My son was maybe 8 months old and was recently diagnosed as profoundly deaf. Deaf kids will often inhale to make vibrations and noise that they can somewhat “hear” for stimulation. We were on pins and needles as I had just lost my job and our insurance and the cochlear implant surgery was going to cost us $170k. We’d have to sell the house and one of the cars. We needed a break and our in-laws took us to the food court at a local mall. Our boy started to inhale and gasp.

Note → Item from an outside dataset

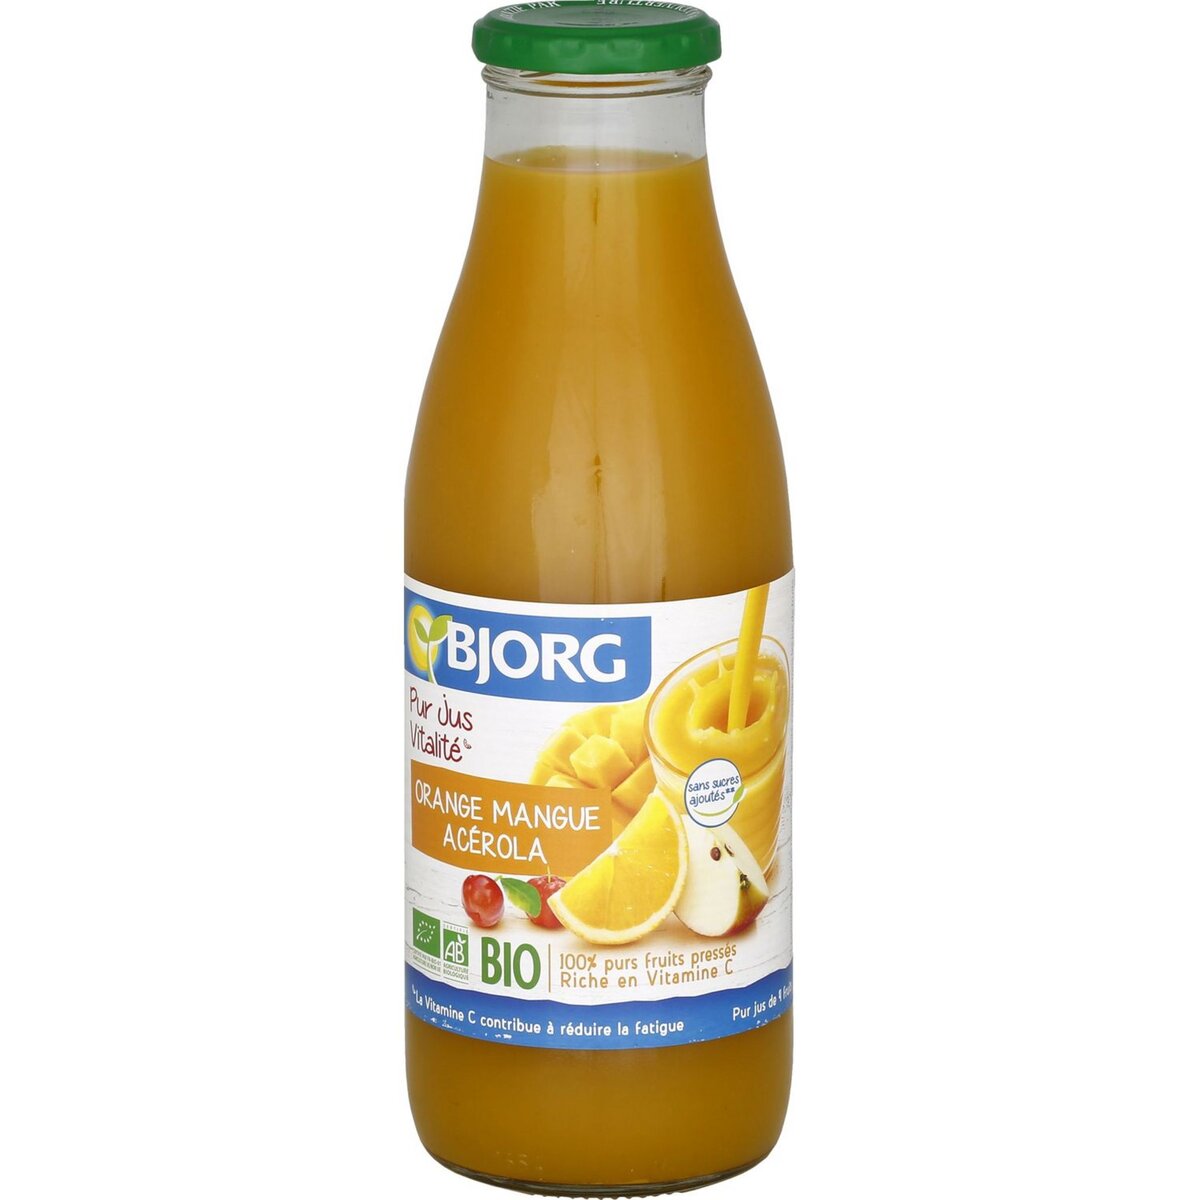 BJORG Pur jus vitalité orange mangue acérola bio 75cl

“He needs a beating,” a fat twenty-something-year-old said not so quietly to her friends at the table next to us.

I rarely curse in public and am generally non-confrontational, but a stream of insulting profanity issued from my mouth for a good 10 minutes that would have put a sailor to shame. I found I couldn’t stop and it got on the verge of Bukowskian poetry.

I insulted her, her mother, her weight, and her pinched-faced friends. I launched into the smell of her unmentionables, how fat she was, how she’d only be able to reproduce with a blind drunken moron with a deathwish as she was uglier than the devil’s butthole on fire with the poop of hell. And it only progressed from there. F. Lee Ermey’s Marine Drill Sergeant from Full Metal Jacket would have told me to tone it down a bit. I told her he was deaf and that we couldn’t stop it and that this was a food court in a pissant Southern town filled with pissant inbred hellspawned redneck ignorant mutant troglodytes that embarrass normal troglodytes.

The food court was silent and all the eyes were upon us.

And then it progressed from there.

She got up and left crying.

I can honestly say the whole rant was involuntary, like a pus-filled boil popping and draining in a torrent. I had never done anything like this before and have not done it since. I feel bad for her to this day.